# Clifford algebra approach of 3D Ising model

**Authors:** Zhidong Zhang, Osamu Suzuki, Norman H. March

arXiv: 1904.04001 · 2019-04-09

## TL;DR

This paper introduces a Clifford algebra framework for the 3D Ising model, enabling linearization and topological analysis of transfer matrices through novel theorems and transformations.

## Contribution

It develops a new algebraic approach using Clifford algebra, expanding transfer matrices and applying topological and gauge transformations to analyze the 3D Ising model.

## Key findings

- Transfer matrices are expanded without changing their trace.
- A linearization process for sub-transfer matrices is established.
- Topological structures are trivialized via local transformations.

## Abstract

We develop a Clifford algebra approach for 3D Ising model.
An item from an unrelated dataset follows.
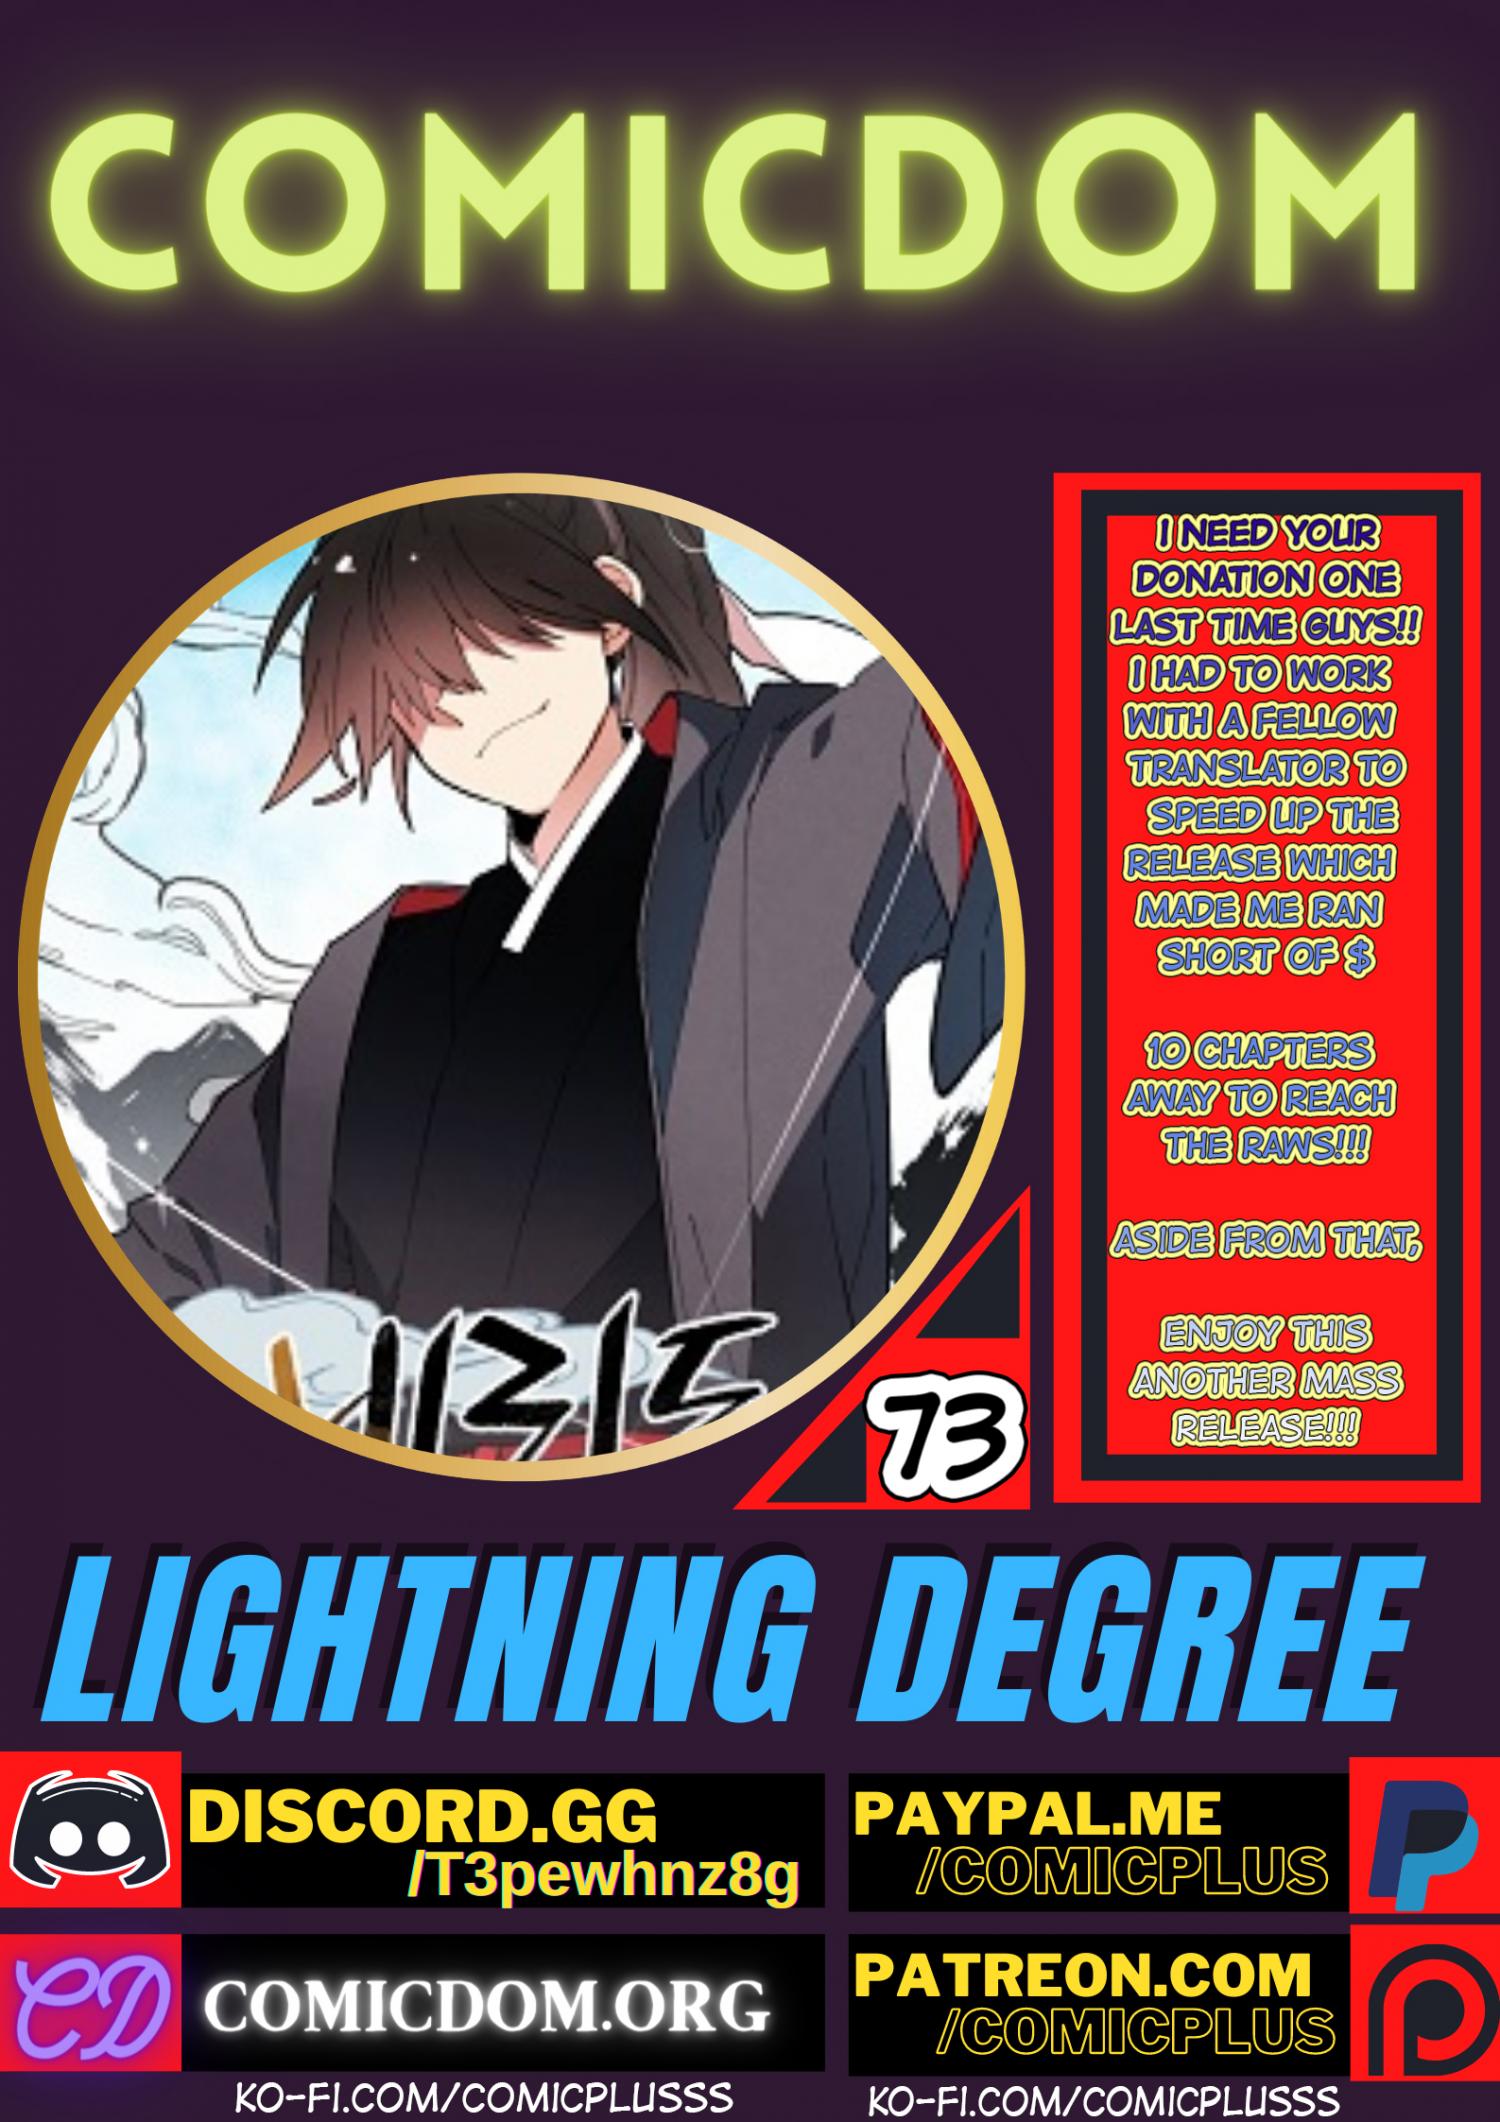 Lightning Degree, Lightning Degree manga, Lightning Degree manhwa, Lightning Degree anime, read Lightning Degree

By utilizing some mathematical facts of the direct product of matrices and their trace, we expand the dimension of the transfer matrices V of the 3D Ising system by adding unit matrices I (with compensation of a factor) and adjusting their sequence, which do not change the trace of the transfer matrices V (Theorem I: Trace Invariance Theorem). It allows us to perform a linearization process on sub-transfer-matrices (Theorem II: Linearization Theorem). It is found that locally for each site j, the internal factor Wj in the transfer matrices can be treated as a boundary factor, which can be dealt with by a procedure similar to the Onsager-Kaufman approach for the boundary factor U in the 2D Ising model. This linearization process splits each sub-transfer matrix into 2n sub-spaces (and the whole system into 2nl sub-spaces). Furthermore, a local transformation is employed on each of the sub-transfer matrices (Theorem III: Local Transformation Theorem). The local transformation trivializes the non-trivial topological structure, while it generalizes the topological phases on the eigenvectors. This is induced by a gauge transformation in the Ising gauge lattice that is dual to the original 3D Ising model. The non-commutation of operators during the processes of linearization and local transformation can be dealt with to be commutative in the framework of the Jordan-von Neumann-Wigner procedure, in which the multiplication in Jordan algebras is applied instead of the usual matrix multiplication AB (Theorem IV: Commutation Theorem).